The statement of the State Department made to members of the House committee is as follows:

JANUARY 20, 1930.

Replying to your letter of January 11, 1930, I may give the following information concerning the case of Anna Minna Venzke Ulrich:

From the records of the department it appears that John Munsill Ulrich prior to his marriage to Anna Venzke endeavored to ascertain whether she would be able to obtain a visa after the marriage had taken place. In view of the unusual circumstances in the case, the consul general at Berlin permitted Miss Venzke to be given an informal advance examination with a view to determining whether it was likely that she would be able to establish her admissibility under the immigration laws.

Following the examination Mr. Ulrich was informed that in all probability Miss Venzke would be unable to obtain an immigration visa in the event that she were later to apply for one.

Although Mr. Ulrich was warned in advance regarding the difficulty to be anticipated in bringing his wife to this country, he apparently did not alter his plans on this account and on December 17, 1927, his marriage to Miss Venzke took place.

After the marriage Mrs. Ulrich applied for a nonquota immigration visa which was refused upon the ground that the record in her case showed that she had been convicted in four instances of offenses involving moral turpitude, to wit, larceny in three cases and abetting a forgery in another case and was accordingly inadmissible to the United States under the provisions of section 3 of the act of February 5, 1917, which excludes from the United States "aliens who have been convicted of or admit having committed a felony or other crime or misdemeanor involving moral turpitude.' In this connection it may be stated that section 2 (f) of the immigration act of 1924 requires a consular officer to refuse an immigration visa to an alien who he knows or has reason to believe is inadmissible to the United States under the immigration laws.
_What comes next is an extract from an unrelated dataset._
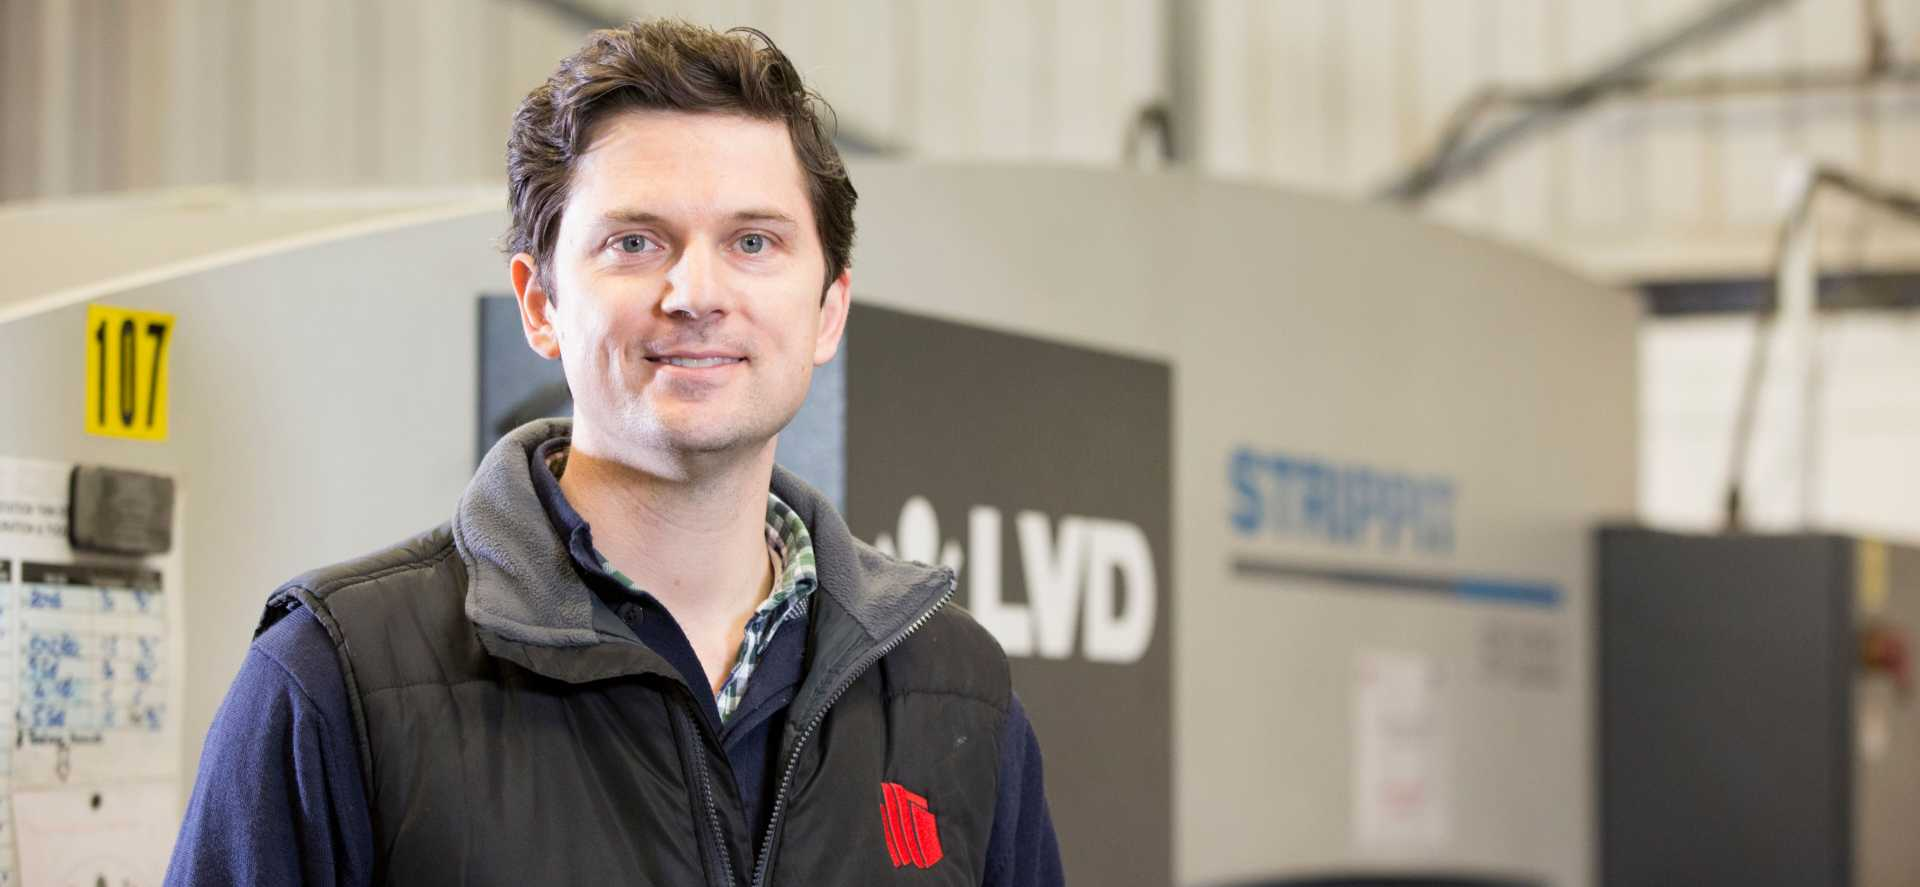 Troy Barratt CEO Contracts Engineering - Locate in Kent

Subsequently, Mr. Ulrich brought mandamus proceedings to compel the issuance of a visa to Mrs. Ulrich. The Court of Appeals of the District of Columbia in United States ex rel. Ulrich v. Kellogg et al. (30 F. (2d) 984) determined that Mrs. Ulrich remained an "alien" notwithstanding her marriage to a citizen of the United States and affirmed the decree of the Supreme Court of the District of Columbia overruling the application of Mr. Ulrich for a writ of mandamus. Chief Justice Martin, in rendering the opinion of the court, cited the case of Bartos v. United States District Court for District of Nebraska et al. (F. (2d) 722), in which it was held that Theft, whether it be grand or petit larceny, involves moral turpitude It may be of interest to note that the Supreme Court of the United States in United States ex. rel. Ulrich v. Stimson (279 U. S. 868) denied the petition of Mr. Ulrich for a writ of certiorari to the Court of Appeals of the District of Columbia.

If the information given above does not serve the purposes which you have in mind, the department will be glad to furnish any further particulars you may desire regarding the case.

Sincerely yours,

J. P. COTTON, Acting Secretary.

After the consul, the State Department, and all of the courts to which her powerful friends could appeal have applied the law to her case, it is now proposed that Congress shall over-ride the actions of all these and admit her. There is no justification for such action. The bill should not pass. JOHN C. Box.